To address this, Birlasoft Ltd, part of the $2.4 billion diversified CK Birla Group, has partnered with a startup named Regulativ.ai to co-develop a new AI/ML-based cyber-regulatory reporting platform. The two companies said the co-developed platform will help regulated enterprises gain a deeper understanding of their cyber regulatory compliance risks and provide them with actionable reports to mitigate risks and ensure compliance.
Speaking to CISO MAG, Shilpa Bhandari, SVP and Global Head – BFSI, Birlasoft said, “CISOs are looking for a view of their posture or the organization’s posture to cyber regulatory compliance requirements in various jurisdictions. The process today is highly manual and highly inefficient so rarely are they able to get a live view of where the organization is compliant and where there are gaps from a cyber regulatory perspective.
“It is an online platform with the ability to look at all the data sources, internal and external, that are being used to provide this reporting to a Chief Compliance Officer or Head of Audit,” she added.
This cyber-regulatory reporting platform, with its degree of automation and integration with various data sources, leverages machine learning and digital technologies to give CISOs that view on a more current basis. This is going to help CISOs do action planning around gaps that they want to prioritize to address, to work with the CEOs and even the Board, to prioritize and seek more budgets.”

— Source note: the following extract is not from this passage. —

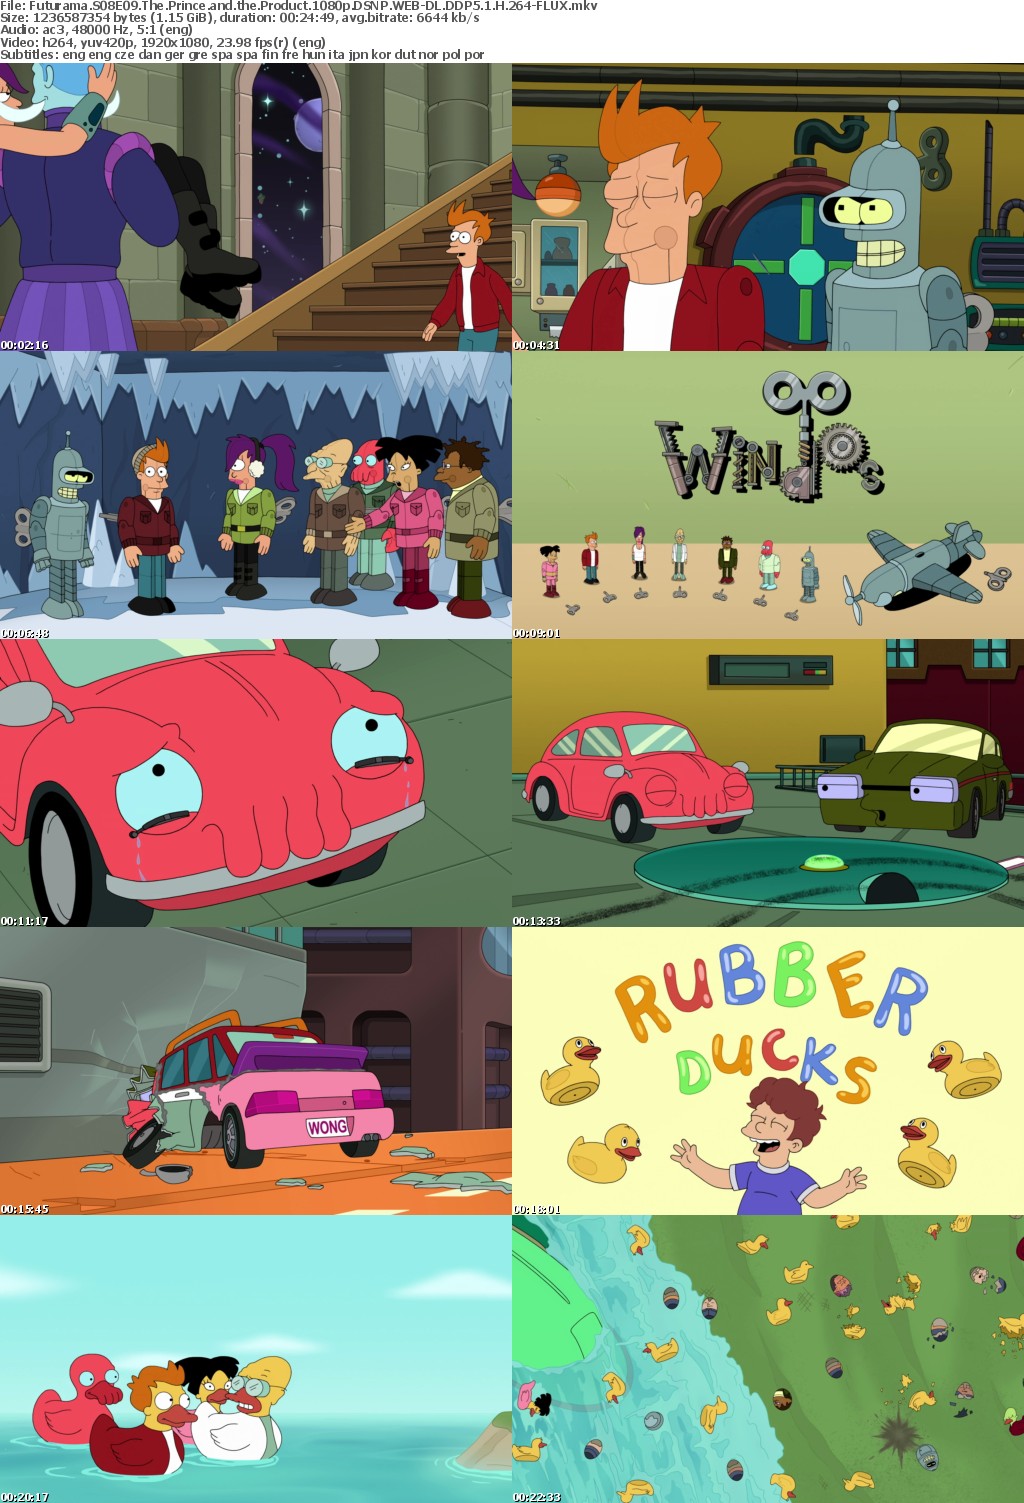 Futurama S08E09 The Prince and the Product 1080p DSNP WEB-DL DDP5 1 H 264-FLUX
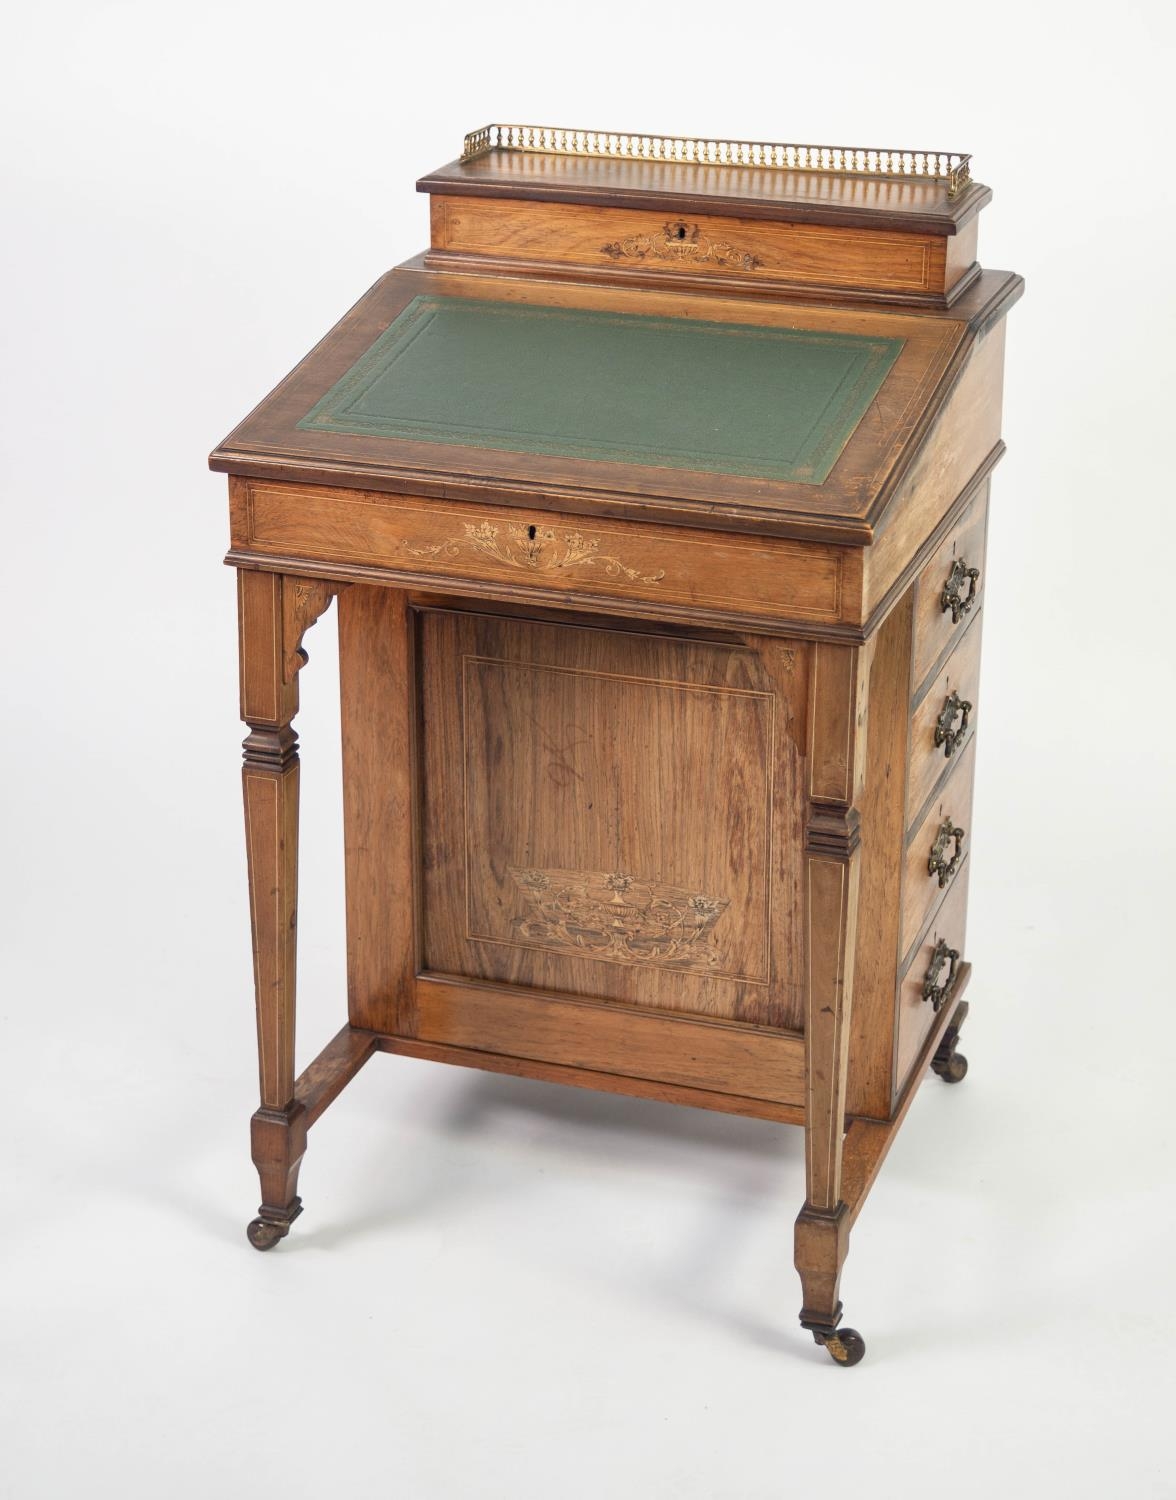 EDWARDIAN INLAID ROSEWOOD DAVENPORT DESK, of typical form with raised stationery compartment with

Bhandari informed that there is also an element of auditability in the solution.
Solving a Major Pain Point
Jinal Shah, CEO, Regulativ.ai told CISO MAG that the cyber-regulatory reporting platform is solving many pain points for organizations.
"The fundamental pain point is inefficiency in organizations that are required to comply with the various statutory cyber regulatory & cyber audit and certification requirements. The inefficiencies are due to lack of collaboration between teams, lack of information, lack of data, or poor-quality data.
Each CISO organization collects data from all manner of sources to put together a report for the regulator. It takes time to collect the data, sanitize it, verify it, and clean it. This could take anything between 500 – 600 manhours per assessment, per year," said Shah.